▸ **EXERCISE BRIEF**:
From the records below, output exactly the lines starting at the line with "NETHERLANDS 1993 Letter" and ending at the line with "Louis vuitton white", both of them included, but no pictures.

▸ **PROVIDED RECORDS**:

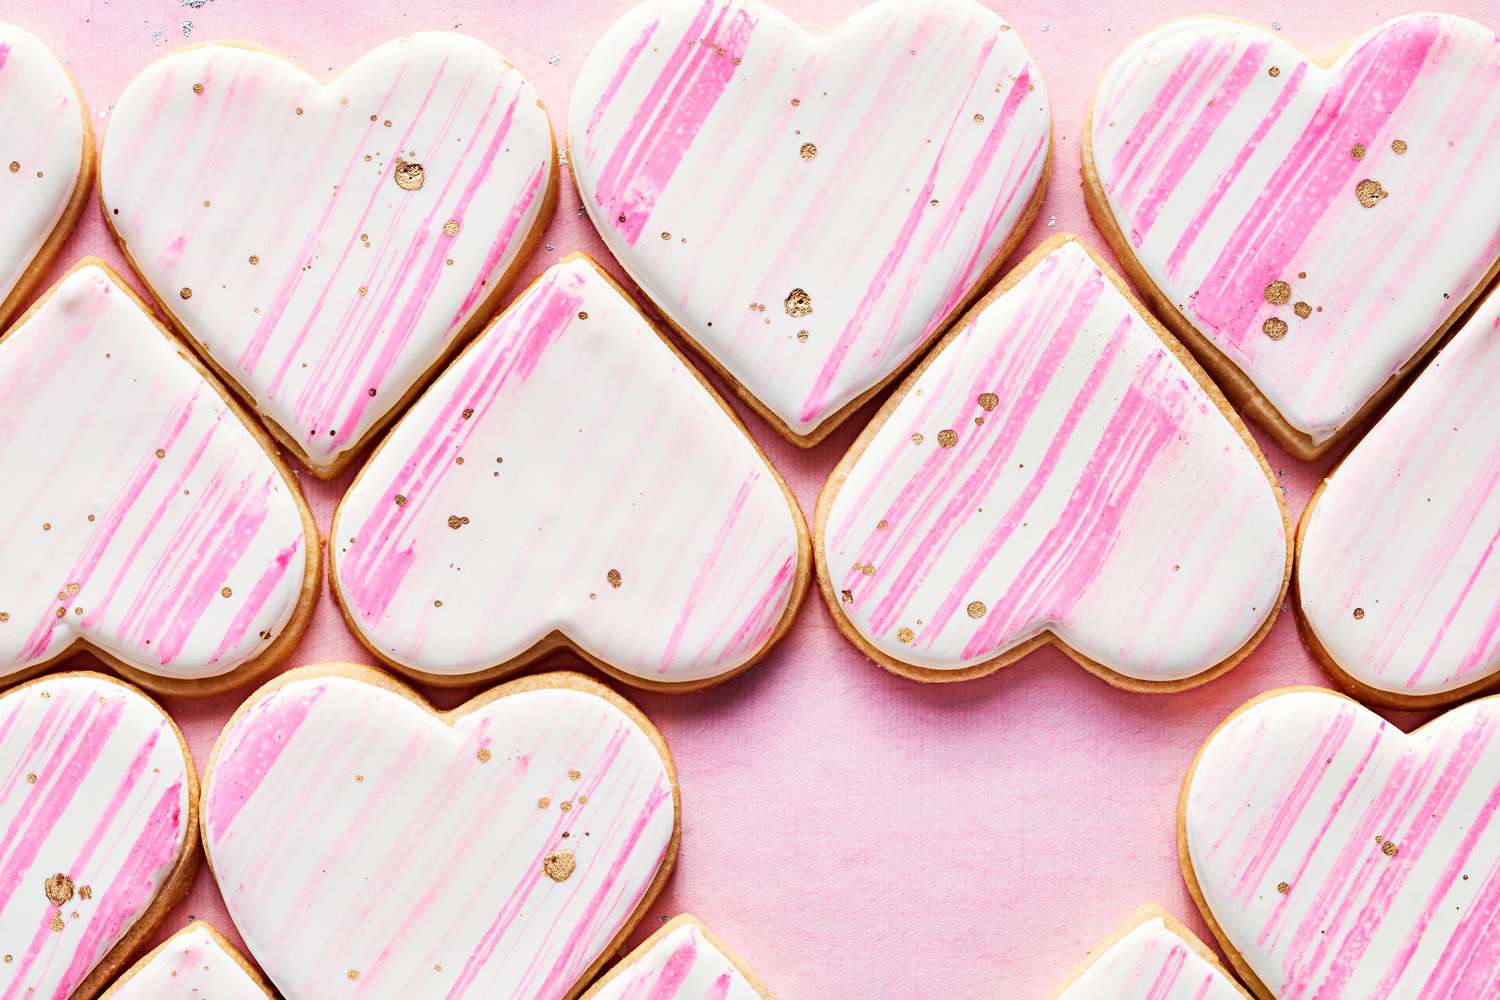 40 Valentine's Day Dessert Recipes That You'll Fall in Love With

--

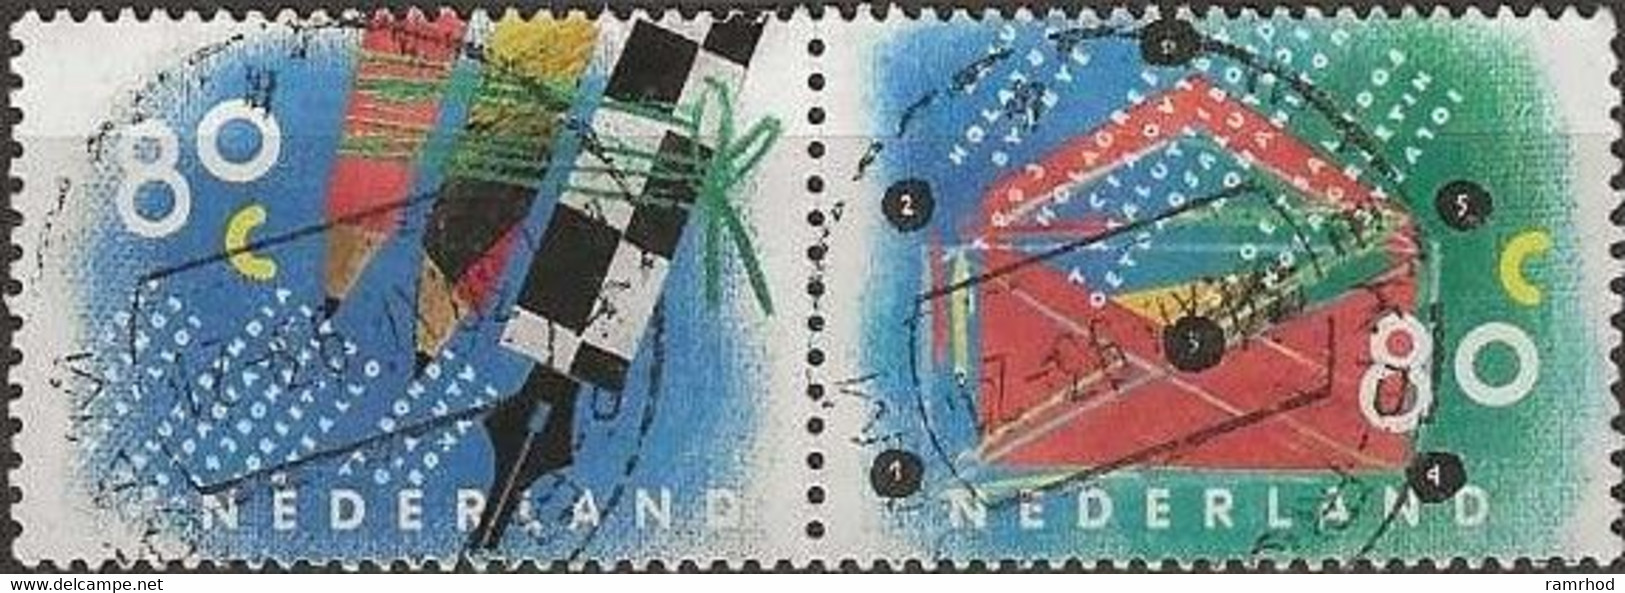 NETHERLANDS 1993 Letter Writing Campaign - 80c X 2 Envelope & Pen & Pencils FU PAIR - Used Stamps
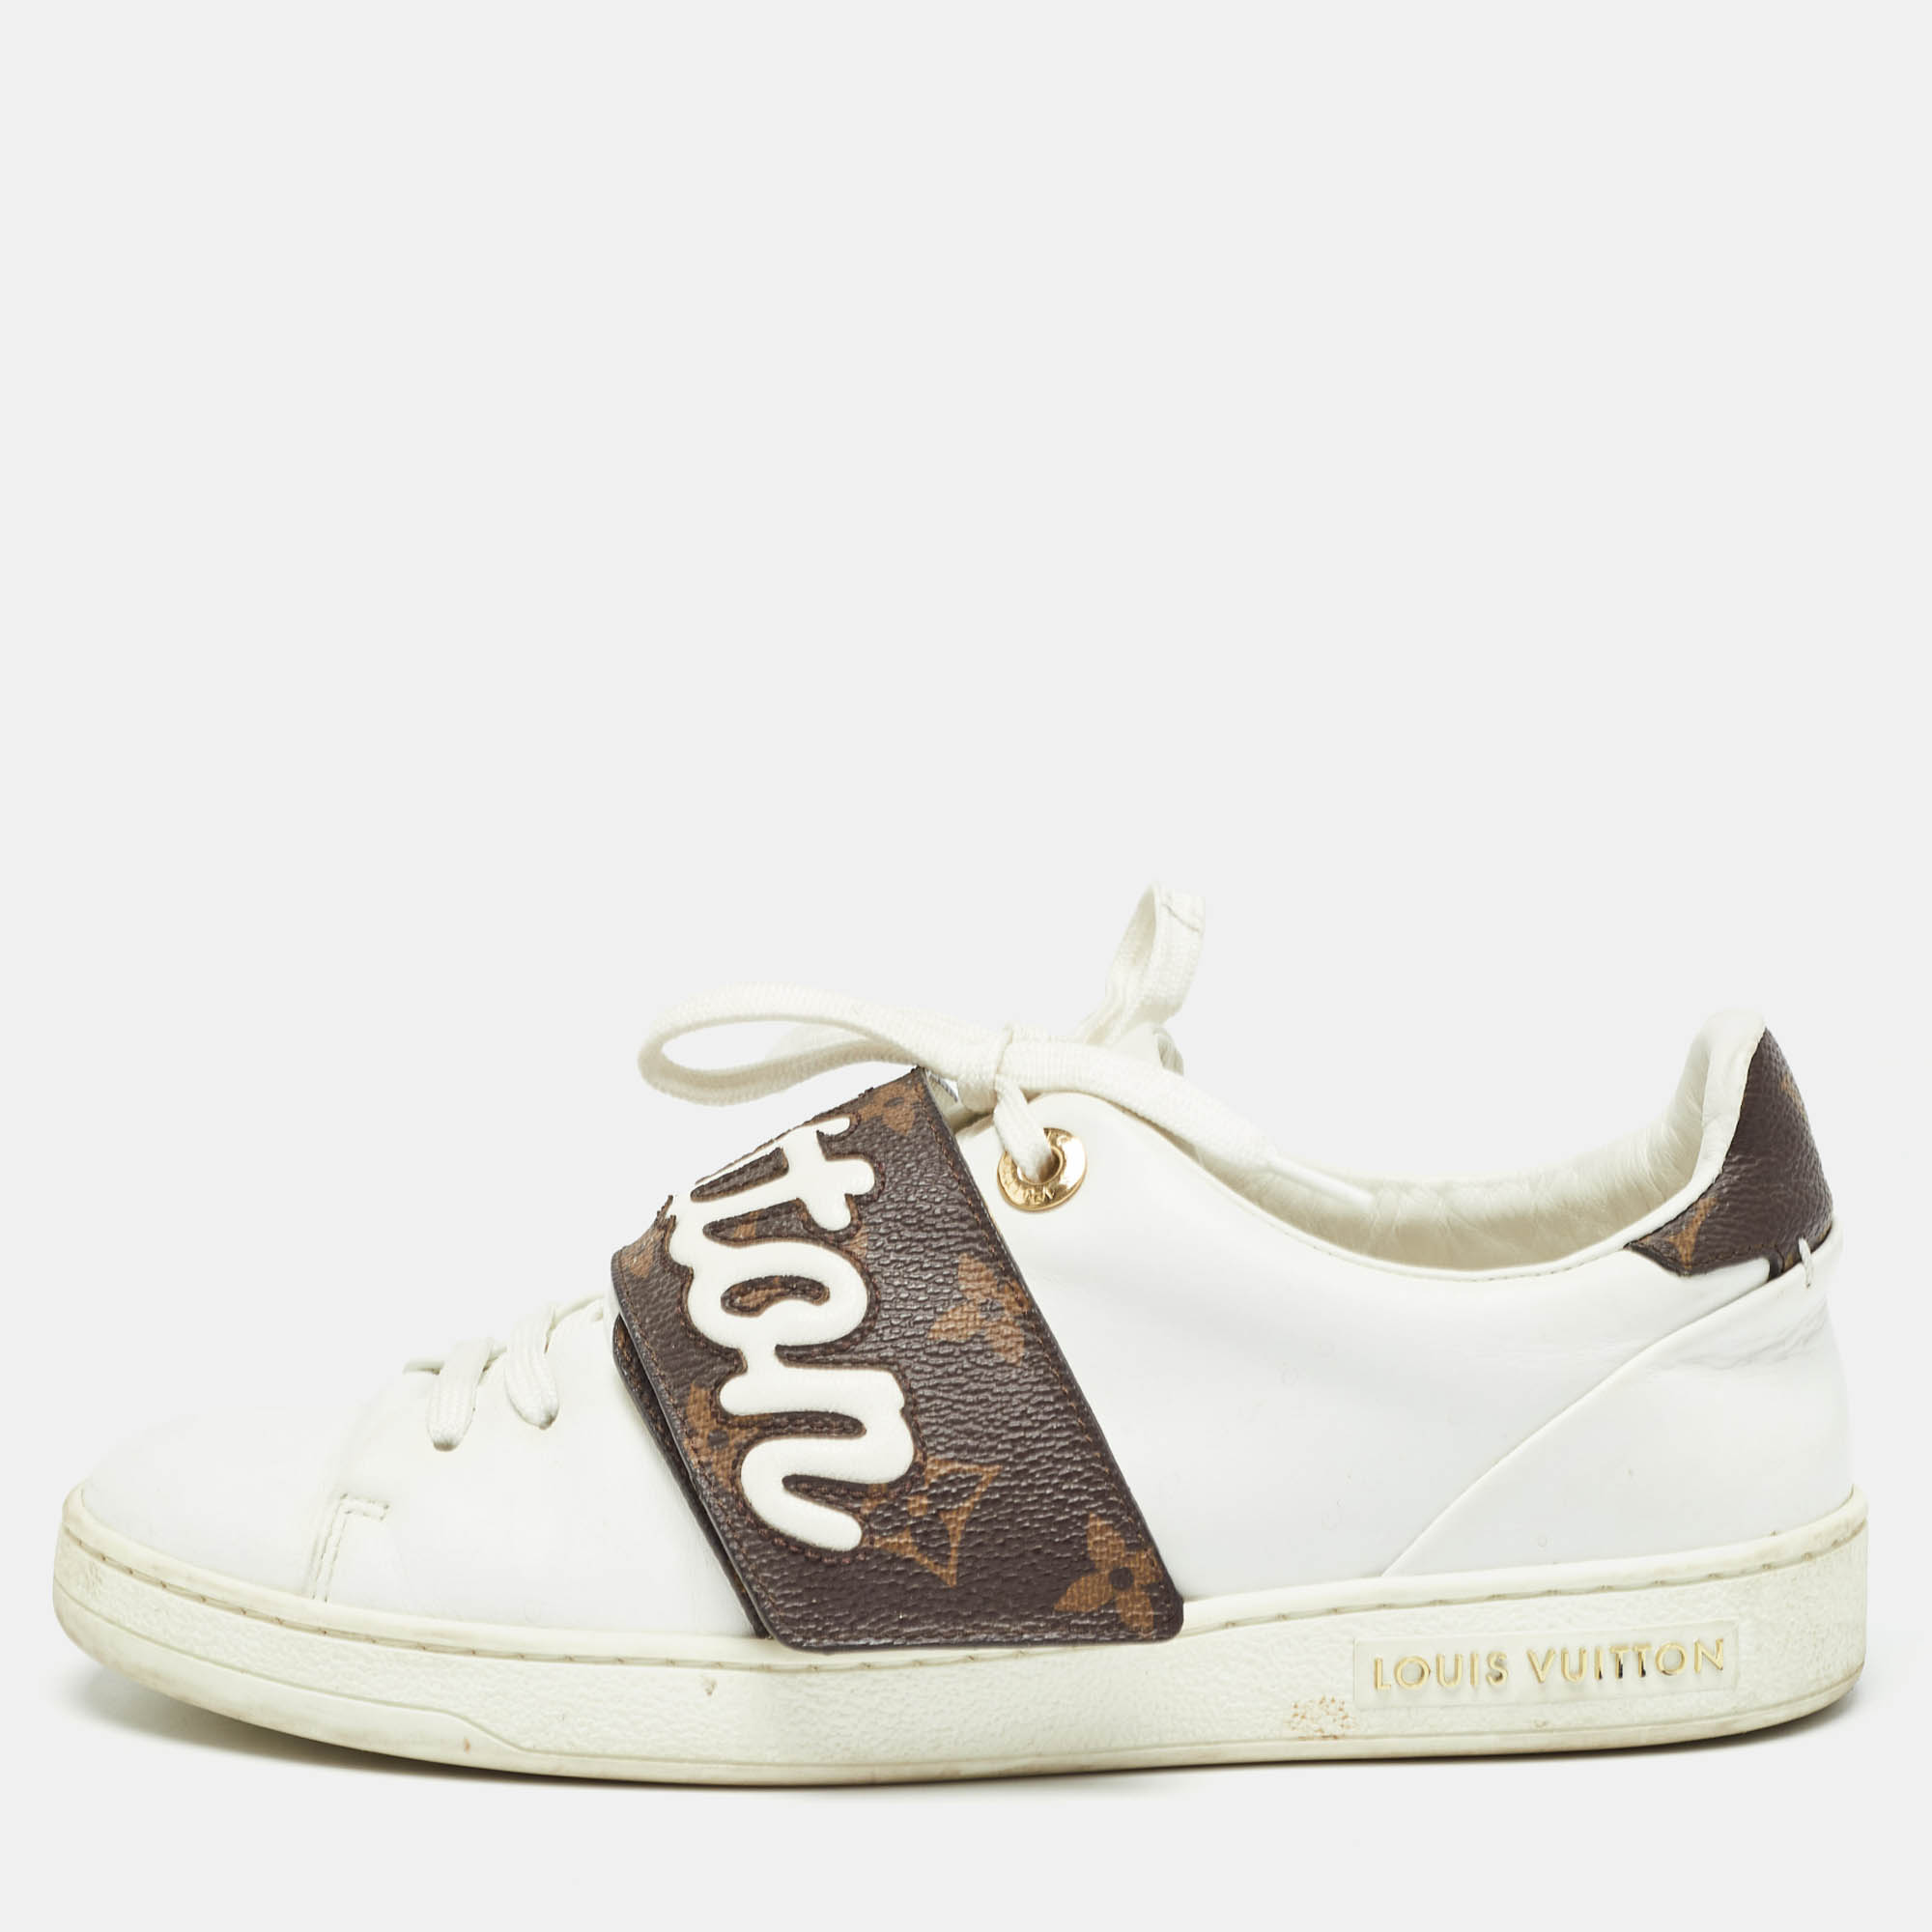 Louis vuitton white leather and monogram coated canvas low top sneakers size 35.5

▸ **OUTPUT OF THE TASK**:
 NETHERLANDS 1993 Letter Writing Campaign - 80c X 2 Envelope & Pen & Pencils FU PAIR - Used Stamps
 Louis vuitton white leather and monogram coated canvas low top sneakers size 35.5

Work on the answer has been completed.